The films in the festival come from places such as United States and Hong Kong and includes British film Boy (2012), about a man who uses cycling to come to terms with his son's death, and Estonian film Sister Session (2012), which follows an all-female team's foray into a bicycle motocross event.
Mr Yeo says: "These films will show cyclists sharing their real stories. The Bicycle Film Festival aims to convey the experience of the cyclists and, hopefully, transform how urban planners look at roads to make them more cyclist-friendly."
The festival is not just about movies. It also hopes to be a focal point for the biking community and give back to society. For example, proceeds from the sale of the auctioned bicycle restored by Mr Poon will go to Red Cross, in particular, its mobility programme which helps people with lost limbs to recover and carry on with life.

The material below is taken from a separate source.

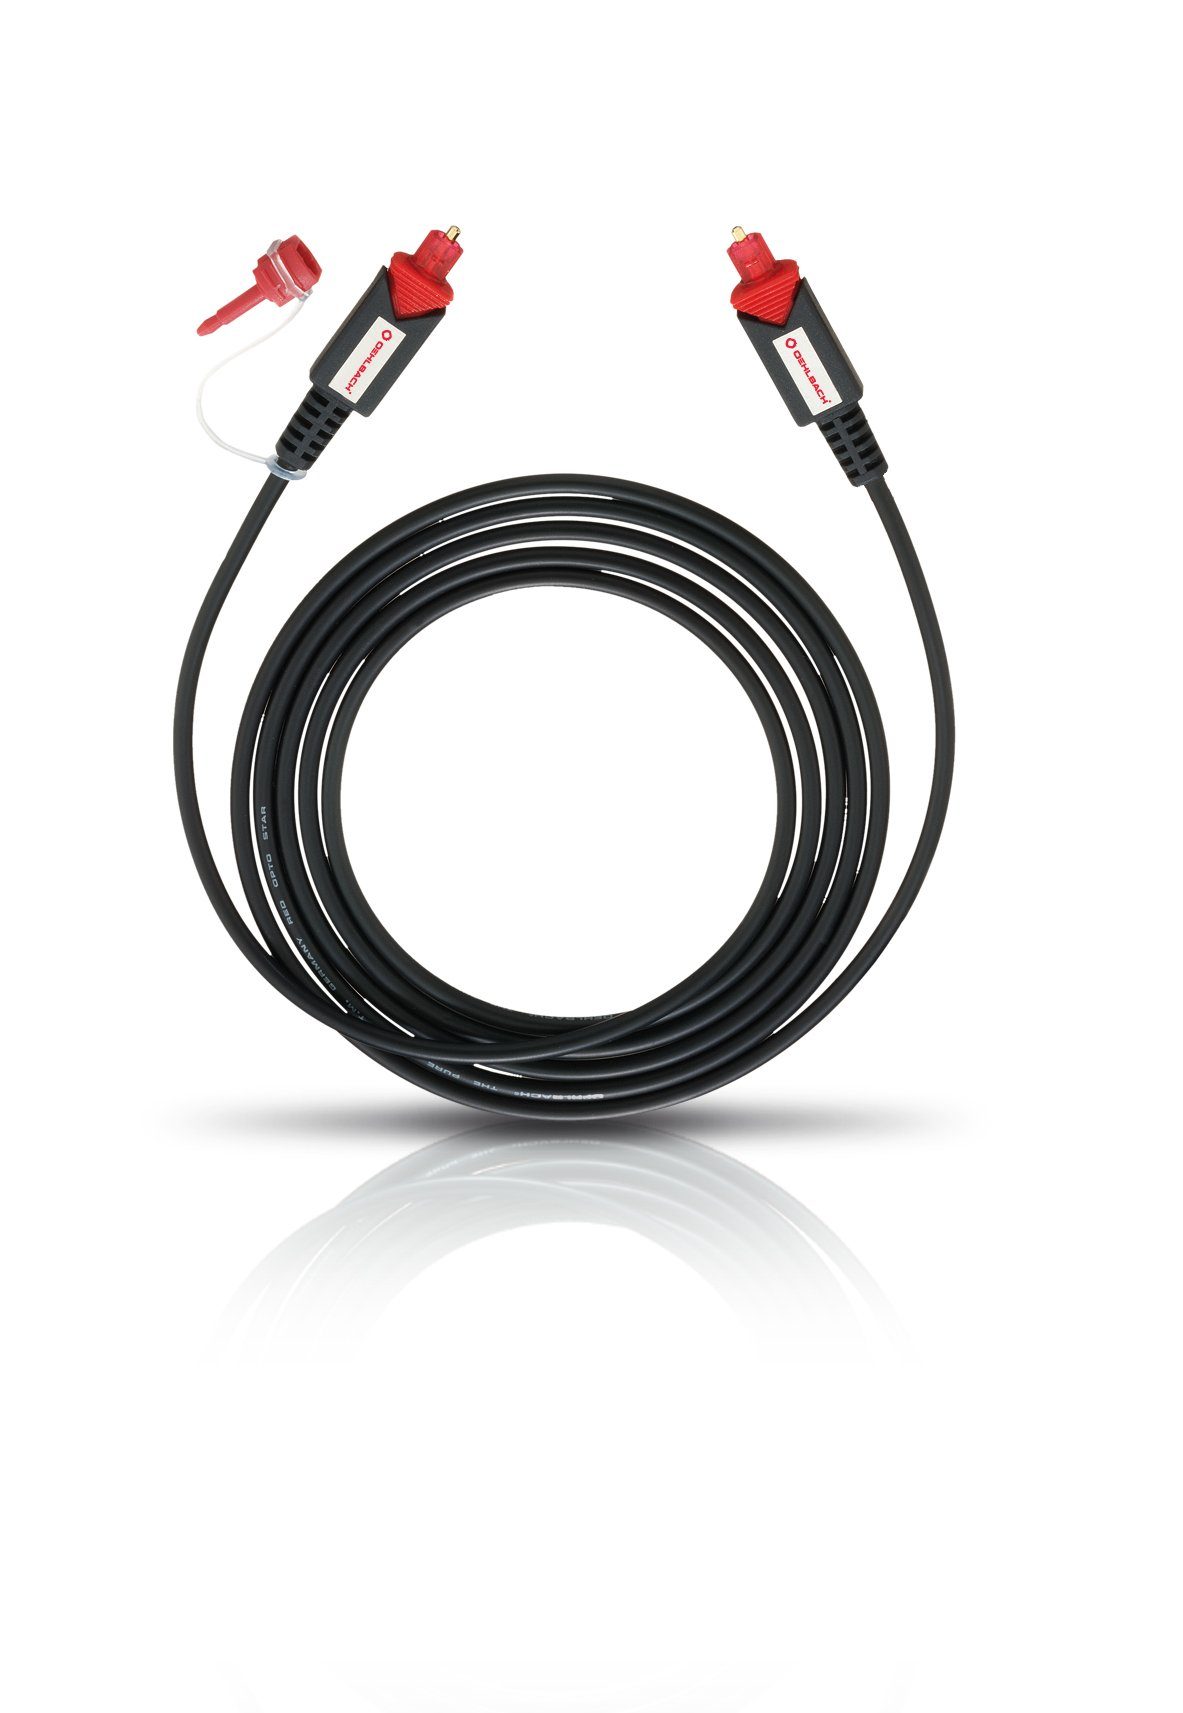 4 m Hochwertiges & Flexibles optisches Toslink Digitalkabel mit 3,5 mm LWL-Klinken Adapter Oehlbach Red Opto Star 400 schwarz 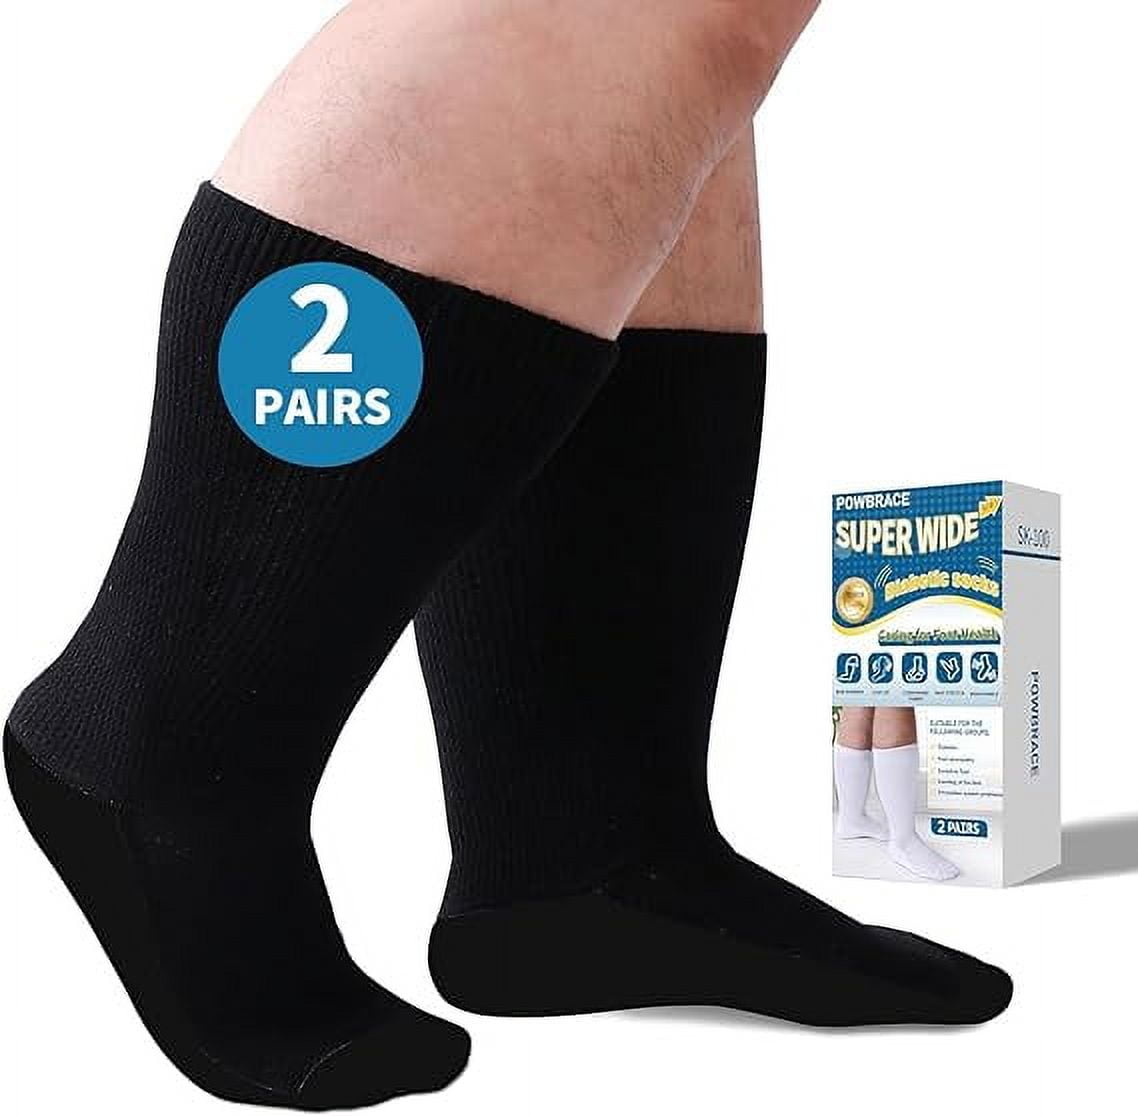 Powbrace 2 Pairs Super wide Diabetic socks for Men,Non Slip Socks ...

There will also be a bicycle runway show tomorrow, featuring four vintage roadbikes restored by Mr Poon, including an Italian Cinelli.
Mr Poon says his craft saved him from despair after his brother's death from lung cancer in 2006.
"There is a great satisfaction in improving on a bike from its original condition," says Mr Poon, who takes an average of one week to restore a bike.
"These days, I don't just restore a bike, but also paint new designs on it. Sometimes, when I start painting, six hours would go by without me realising it."